The following points highlight the three main types of genetic mechanisms. The types are: 1. Immuno-Genetics 2. The HLA System 3. The Rh Factor.
Type # 1. Immuno-Genetics:
Genetic mechanisms which control immune responses have opened up an entire new field of immuno-genetics. Basically it is the study of antigens, antibodies and their reactions. An antigen is a substance present in the body or introduced from outside which can initiate an immune reaction.
The antigens present on the surface of red and white blood cells are important in immuno-genetics. The immune reactions in response to the antigen take place in the lymphoid organs (spleen, lymph nodes and tonsils) and result in the production of antibodies or sensitized lymphocytes which are effective in eliminating the antigen from the body. As there are millions of potential antigens, there are many millions of species of antibody molecules that are synthesised by the immune system.
Antibodies are serum proteins belonging to the group immunoglobulins (Ig). Each antibody is made up of two kinds of protein chains designated light and heavy (L and H) chains.
The heavy chains are of 5 types:
(i) Gamma,
(ii) Alpha,
(iii) Mu,
(iv) Delta and
(v) Epsilon.
There are thus five classes of immunoglobulins named according to the type of heavy chain present, that is IgG, IgA, IgM, IgD and IgE; of these IgG is most abundant in the serum.
The structure and properties of the different immunoglobulins are genetically controlled. Basically IgG is made up of two light (L) and two heavy (H) chains linked by disulphide bonds. The L chains have 214 and H chains 440 amino acids. Each of the light and heavy chains consists of a constant (C) half and a variable (V) half (Fig. 21.8).
The ability of an organism to produce an enormous number of antibodies lies in the amino acid sequences of the V regions of the light and heavy chains. Thus there are a large number of immunoglobulin chains in which the V region is different but the C region is the same.
The antigen binds to the antibody in the V regions of the light and heavy chains; the combining site determines the specificity for the antigen. The antibody molecule appears V-shaped in the electron microscope. The two antigen-binding sites containing identical amino acid sequences are located at the ends of the two arms. Thus two antigens of the same type can link to a single antibody molecule.

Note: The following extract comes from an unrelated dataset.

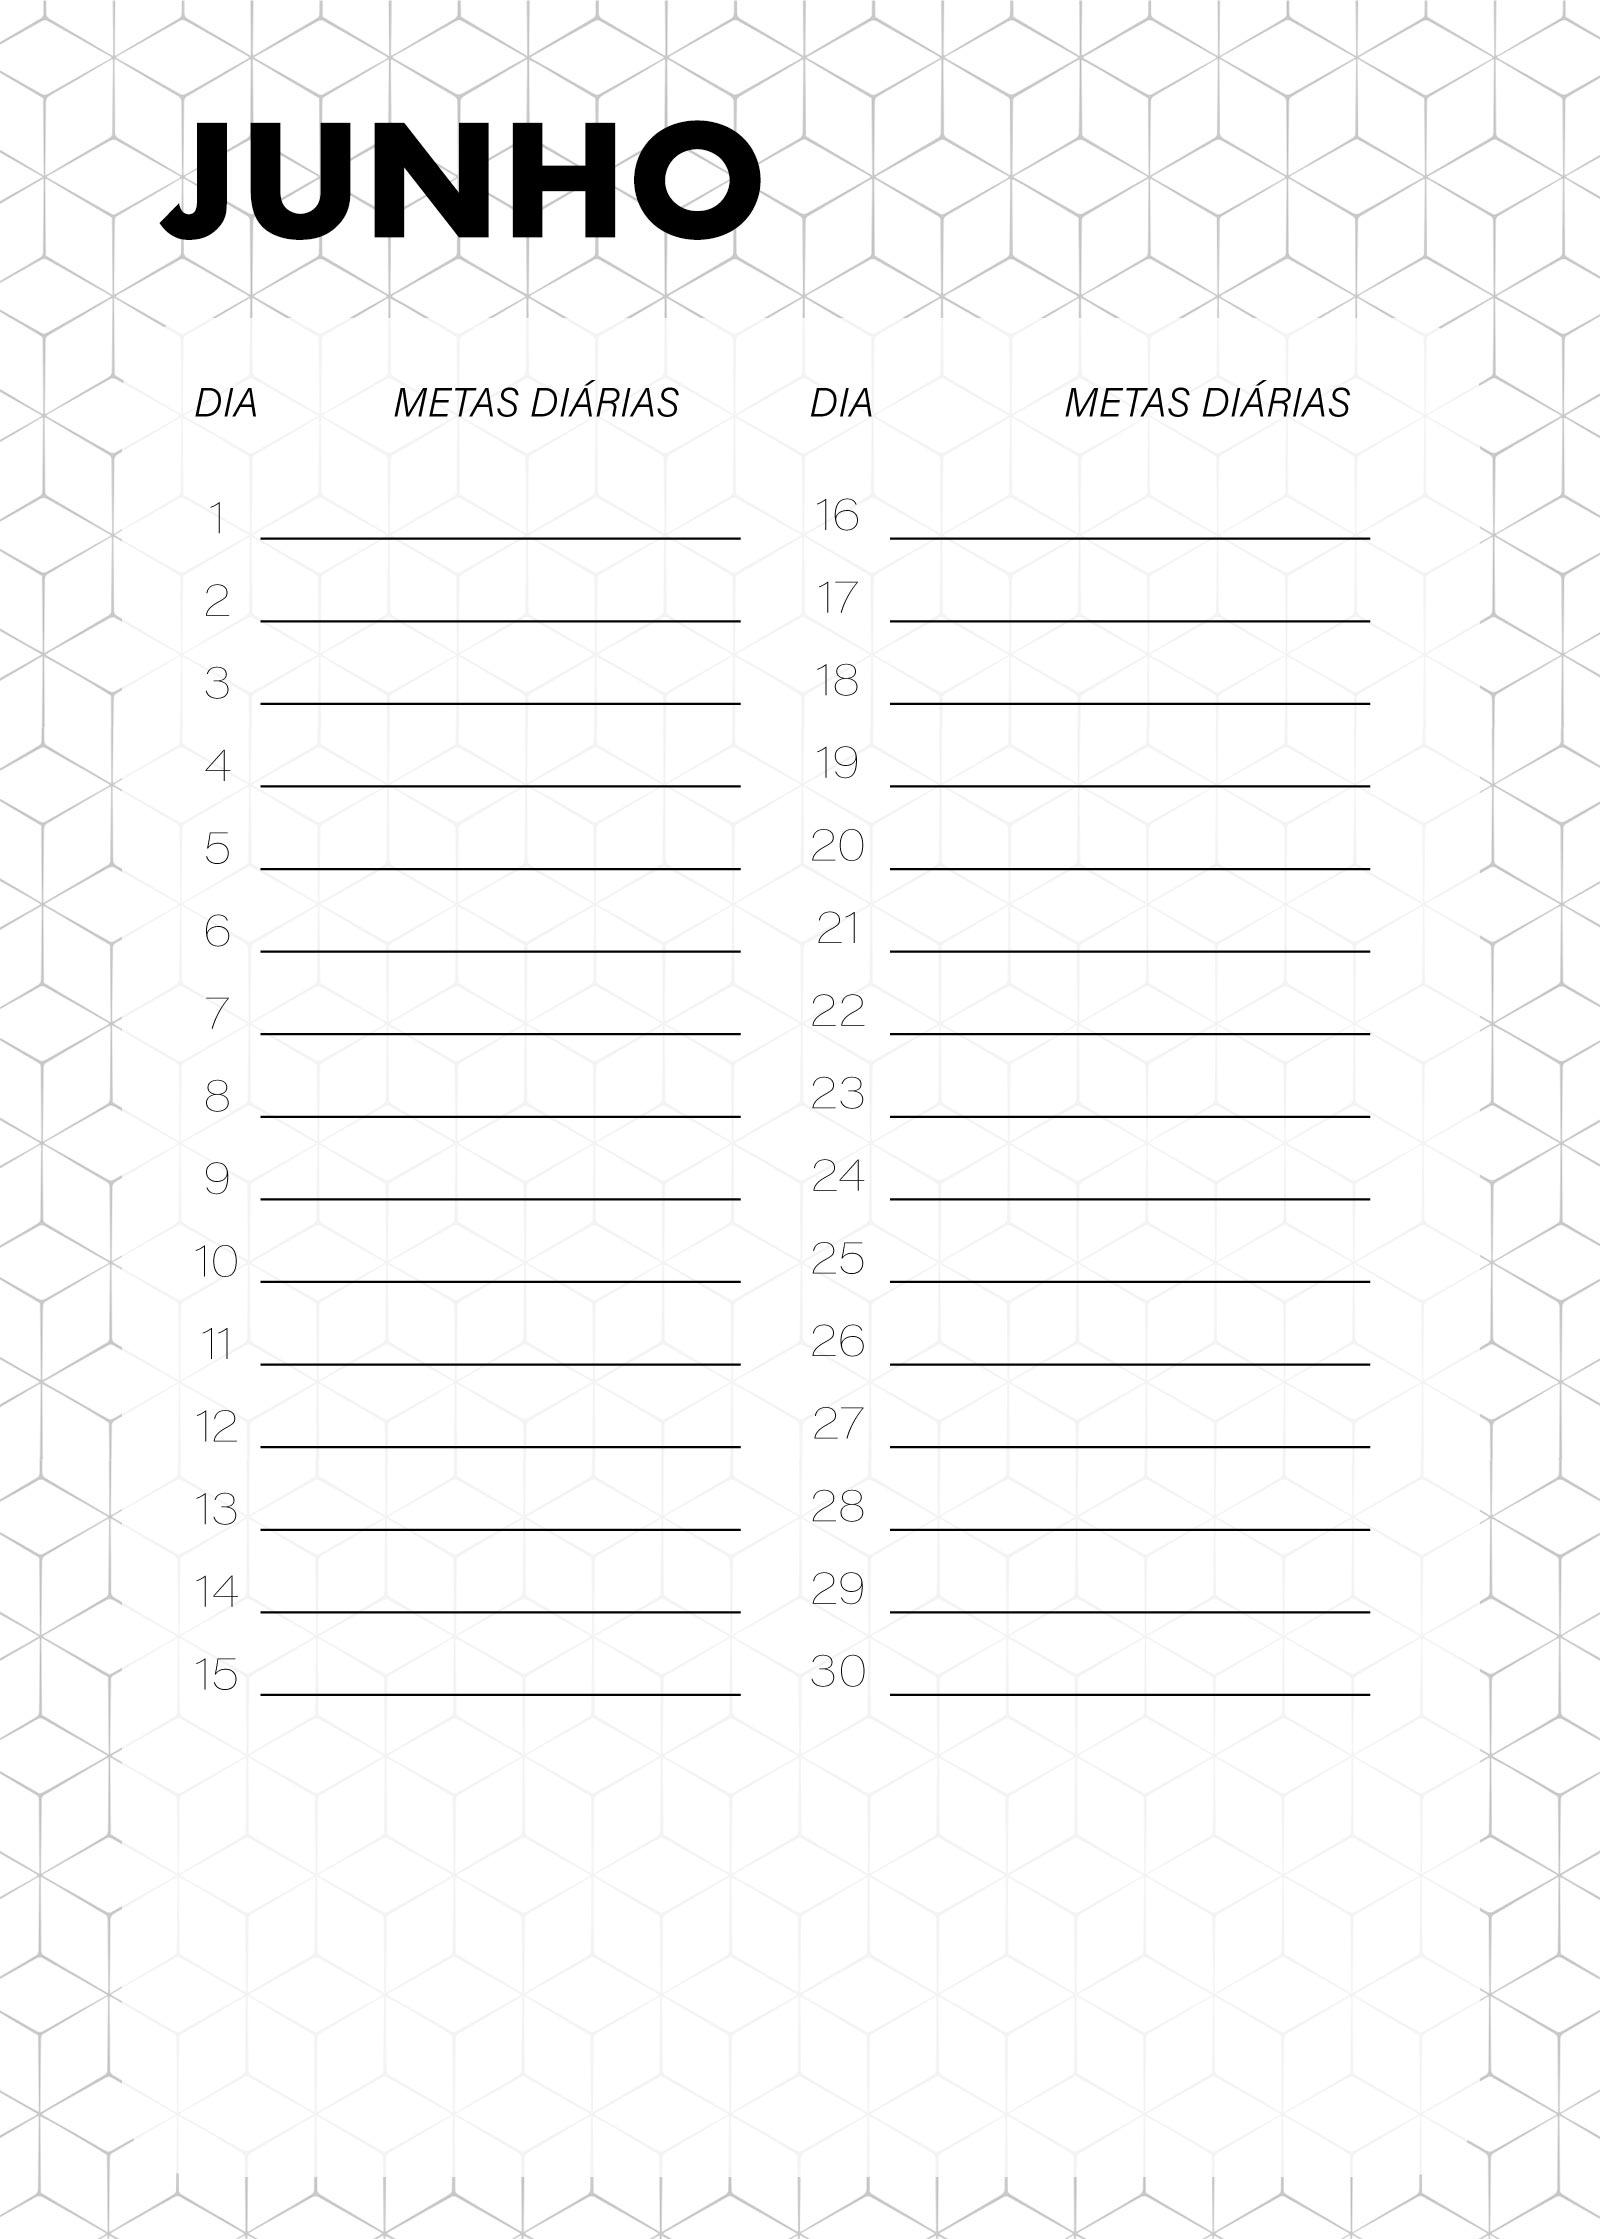 Planner Preto e Branco Metas Diarias Junho

Two questions have been raised, firstly, what genetic mechanisms are responsible for the immense variability of the V region? Secondly are genes coding for the immunoglobulin chains present in the gamete or are produced during somatic differentiation? Proponents of the germ line theory believe that all the immunoglobulin genes are transmitted through the gametes.
There would thus be many different V genes and a large number of copies of one or a few C genes. According to the somatic differentiation theory the variety of V genes is created during lymphocyte differentiation by somatic mutation or by somatic recombination.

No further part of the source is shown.